По залу пошли шепоты. Трое дегустаторов подошли к Николь первыми:
— Где подписываться?
Она взяла свою книгу со стойки:
— Здесь. Завтра ровно в шесть утра.
Трое расписались по очереди.
— Обещаю, вам не придется об этом сожалеть.
Стали подходить по одному посетители. Не все, но на добрый сбор людей хватит, если они готовы работать долгие часы.
На улице вечер стал прохладным. Николь чувствовала во влажном воздухе аромат каменной мостовой, меловой крошки и влажной пыли. На языке все еще держался привкус красного вина из Бандоля, и это был вкус облегчения. Комета никуда не делась, и хвост ее переливался яркими красками.
Все хорошо. Это будет ее лучший урожай. Не может не быть.
Она быстро села в поджидающую повозку, радуясь, что верные лошадки быстро домчат к родному порогу. Из головы не шли слова Фурнье.
Назад, в пустой дом, где ее ждут только долги. Безумие в роду. Да как он смеет! Нет, она добьется такого успеха, что никто уже не будет сомневаться в ней, как и в том, что Ментина — завидная партия. А ей самой никогда не будет нужен другой мужчина — ни муж, ни деловой партнер, ни отец. Хозяйкой своей жизни будет она, и только она.
Глава двадцатая
ГЕНИЙ ВДОВЫ
Сентябрь 1811 года
Если смотреть на мир через бутылку, он выглядит куда лучше. Николь держала ее перед собой, подняв к свету, и смотрела, как искажаются лозы и все становится зеленым, как бутылочное стекло.
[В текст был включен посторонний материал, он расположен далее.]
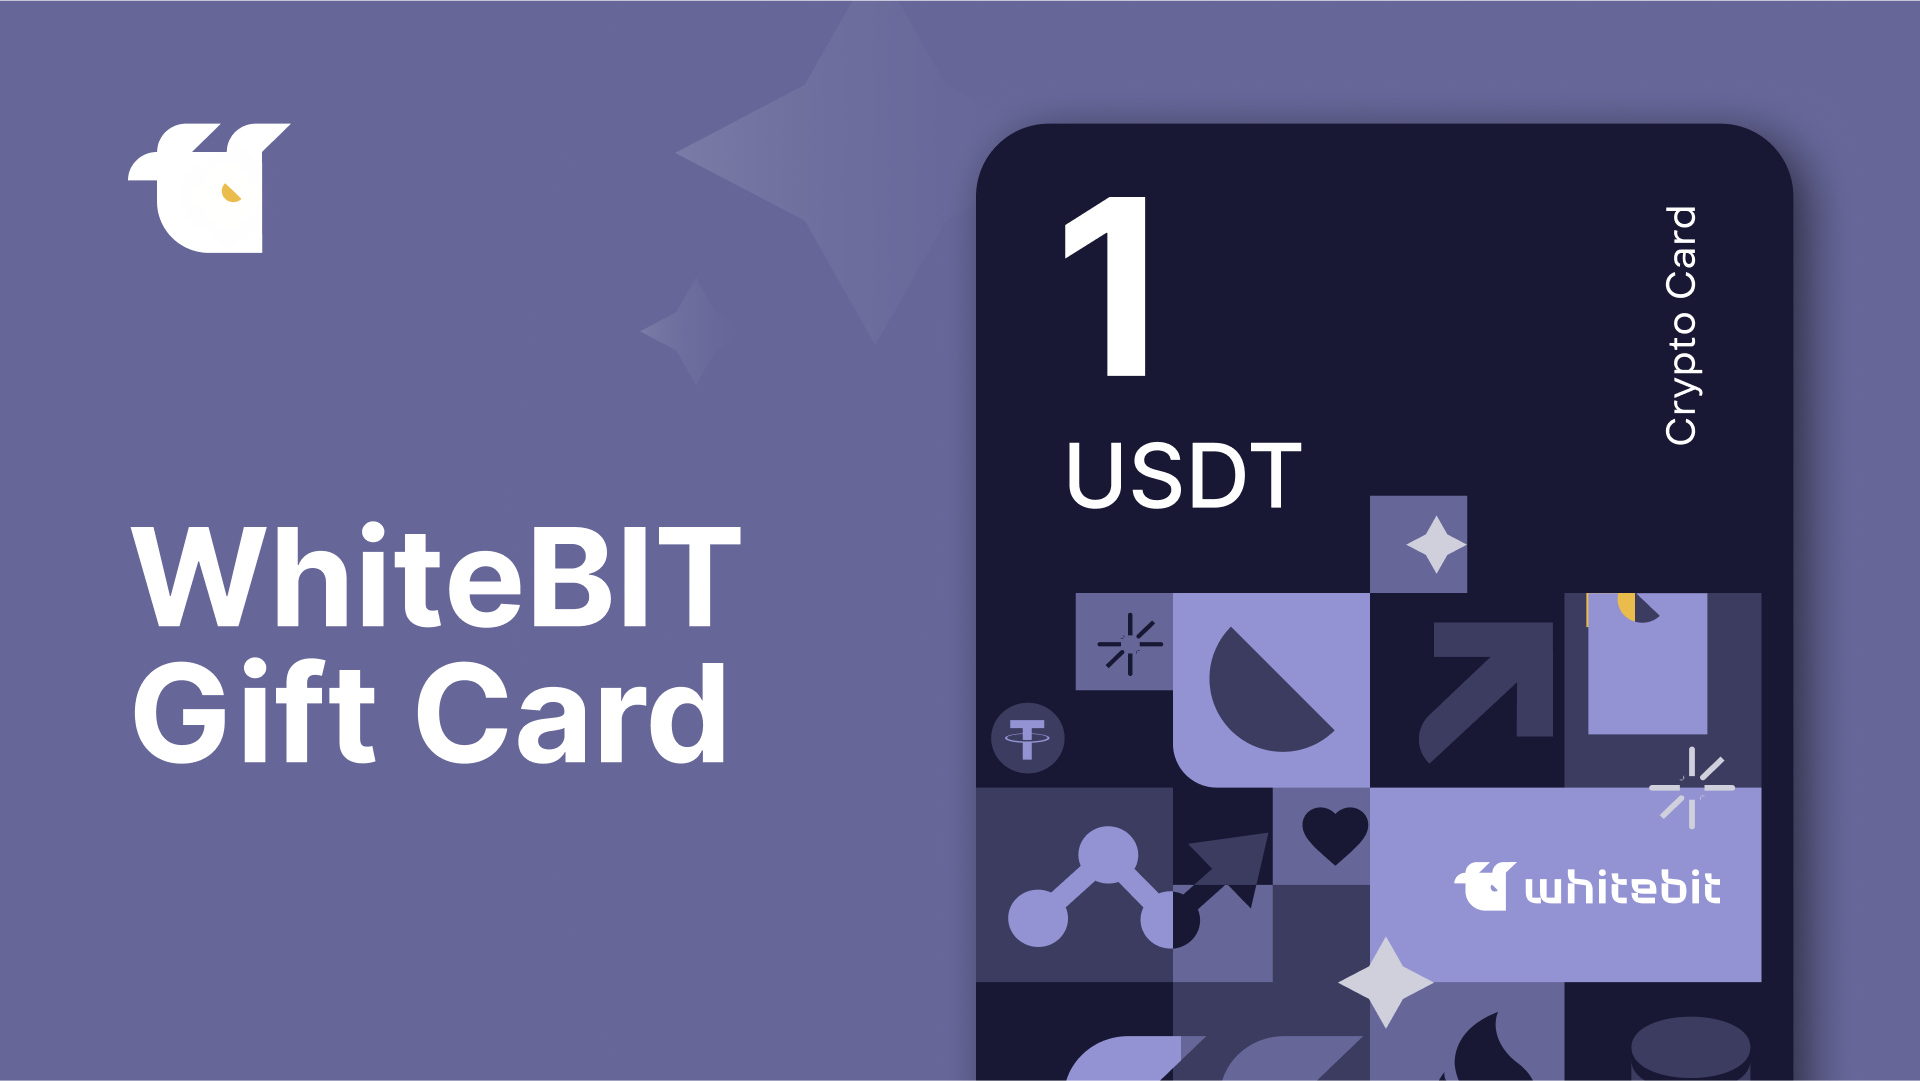 WhiteBIT 1 USDT Gift Card (1.33$)

Эмиль сидел возле нее в маленькой комнатушке рядом с прессами, выходящей окном на виноградники. У него все еще была на глазах повязка, лицо в свежих шрамах. Она передала ему бутылку. Он взвесил ее на руках и улыбнулся:
— Тяжелая. Намного лучше, мадам.
Николь не смогла улыбнуться в ответ, думая о его страданиях. Мать, вопреки всем обстоятельствам, воспитала его гордым и независимым, и теперь вот такое несчастье. Она взяла у него бутылку и вспомнила дрожжевой запах взрывов, металлический вкус крови.
Она потрепала его по руке:
— Хорошо, на эти я соглашусь. Спасибо, Эмиль.
— Сегодня хороший день для сбора, мадам?
Николь взяла его под руку и вывела наружу.
— Рабочие уже в поле.
— Я их слышу!
— Отлично. Ты знаешь, как бывает, когда утренний туман еще цепляется за лозы, а небо синее и кристально чистое? Сегодня как раз такое утро.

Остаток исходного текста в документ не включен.